Из этих бабушкиных рассказов больше всего запомнился мне один - как их, четверых музыкальных барышень, впервые повезли слушать Чайковского. То был "Евгений Онегин". "И мы так смеялись", - рассказывала бабушка. "Чему же вы смеялись?" - "Ну как же! Ведь совершенно ни на что не похоже, мы совсем к другой оперной музыке привыкли". В то время, которое я сейчас вспоминаю, в семье уже никто не посмеялся бы над Чайковским, перед ним благоговели, спорили иногда лишь о том, какая из его опер лучше, мама пела его романсы своим серебристым сопрано, мне внушали, что нет музыки лучше, чем "Пиковая дама", и когда впоследствии я слышала, как осуждают что-нибудь в искусстве за то, что оно "не похоже", я всякий раз вспоминала бабушкину историю о четырех барышнях, и меня тянуло заступиться за осуждаемое.

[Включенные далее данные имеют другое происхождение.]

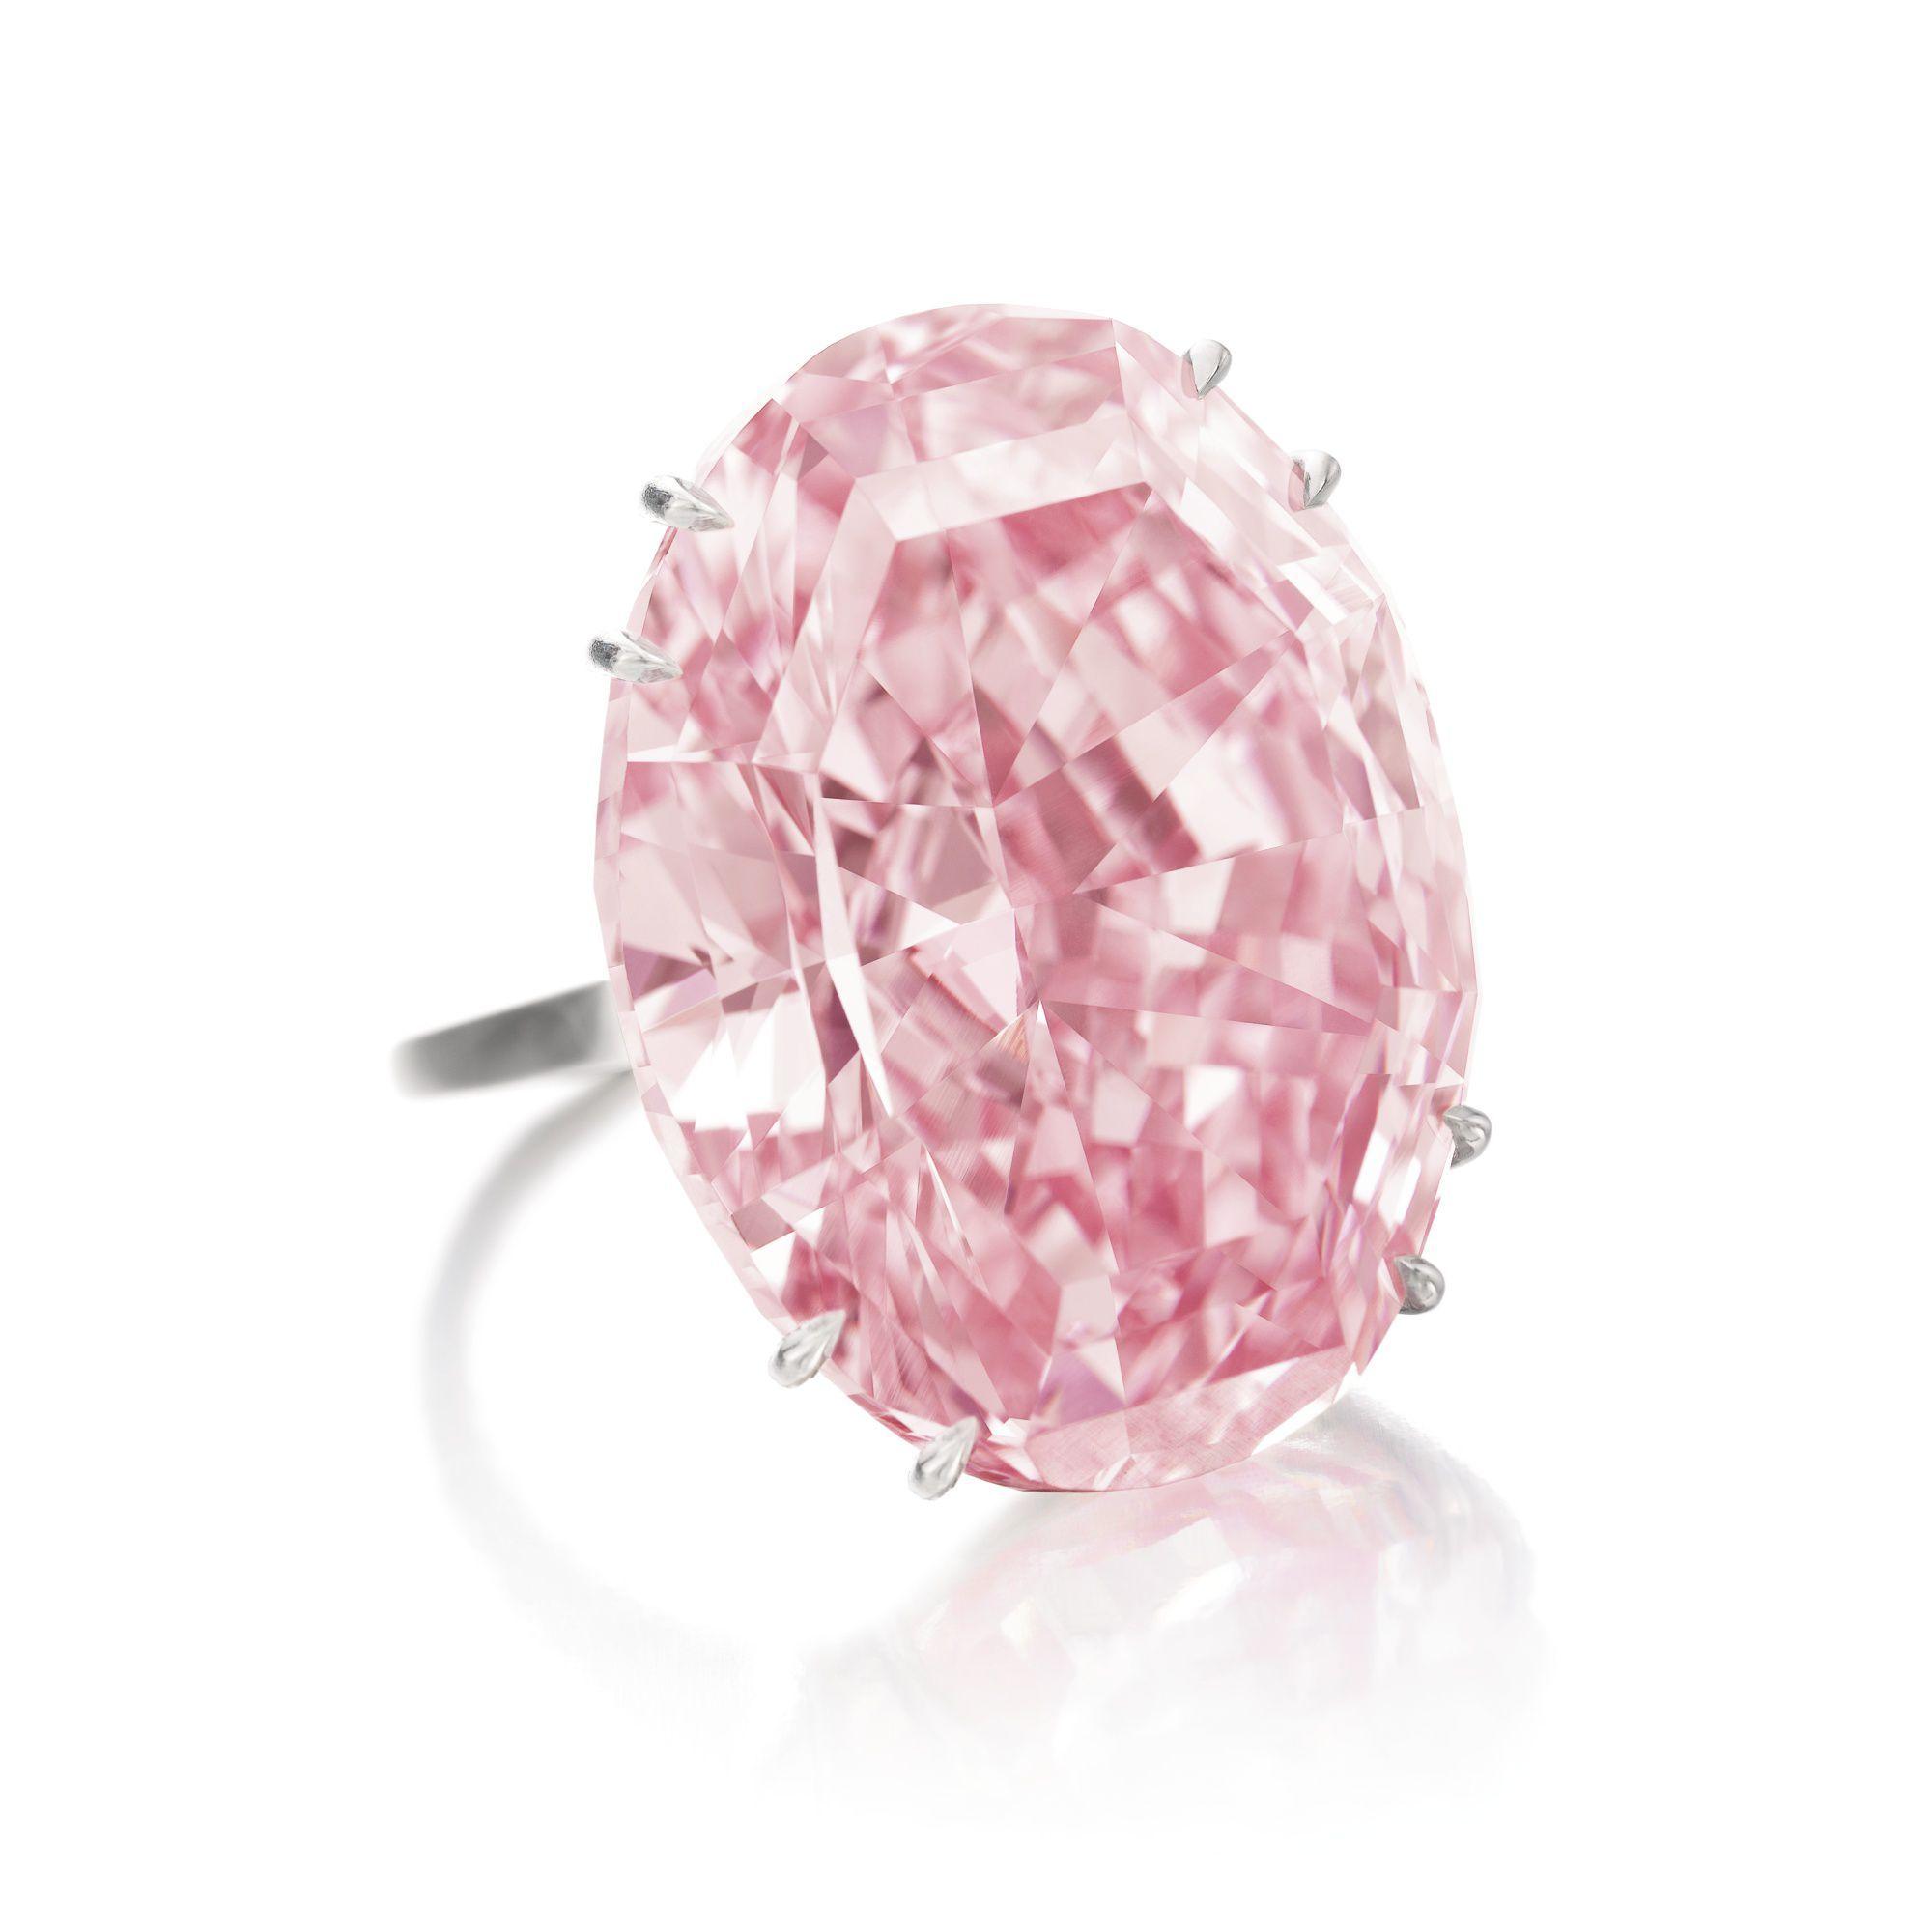 Pin by simona pascariu on life & crystals | Pinterest | Crystals

Судьба этих барышень сложилась по-разному. Надежда Николаевна и Софья Николаевна вышли замуж за совсем мелких коммерсантов, что-то вроде хлебных маклеров, много бедовали и рано овдовели. Красивая Вера Николаевна вышла за богатого человека и помогала бедным сестрам. Любовь Николаевна в отрочестве чем-то болела, что отразилось, видимо, на ее умственном развитии: в зрелых годах она была нетверда памятью, отличалась странностями, и сестры, друг к другу неизменно корректные, небрежно называли ее Любочкой. Впрочем, может быть, это состояние ума было наследственное, так как большими странностями отличалась в старости и мать ее Ольга Ивановна Троизи. Между прочим, у старушки была слабость отрезывать пуговицы от всякой одежды, какая попадалась ей под руку. Однажды ночью она пробралась в спальню моих родителей и срезала все пуговицы с костюма отца. Любовь Николаевна очень любила ходить в гости и вечно убегала из дома, что, по словам ее сестер, очень отражалось на хозяйстве и вызывало большое неудовольствие ее мужа, скромного учителя словесности в одной из ростовских гимназий. Помню, что, когда мы к ним приходили, Любовь Николаевна всегда стояла на крылечке флигеля, где они квартировали, босая и в рубашке, с растрепанными седыми волосами, и, поздоровавшись и одевшись наскоро, уходила в гости или в кинематограф, и по этому поводу родственники качали головами и говорили: "Бедная". В их домике было почему-то много охотничьих собак - кажется, на охоту ходил их сын Миша, да, конечно, потому что году в 1930-м он пал жертвой этой страсти, его нечаянно подстрелил на охоте какой-то товарищ. Эти собаки вечно лежали на каких-то неподходящих местах - на диване и даже на письменном столе, и я их ужасно боялась.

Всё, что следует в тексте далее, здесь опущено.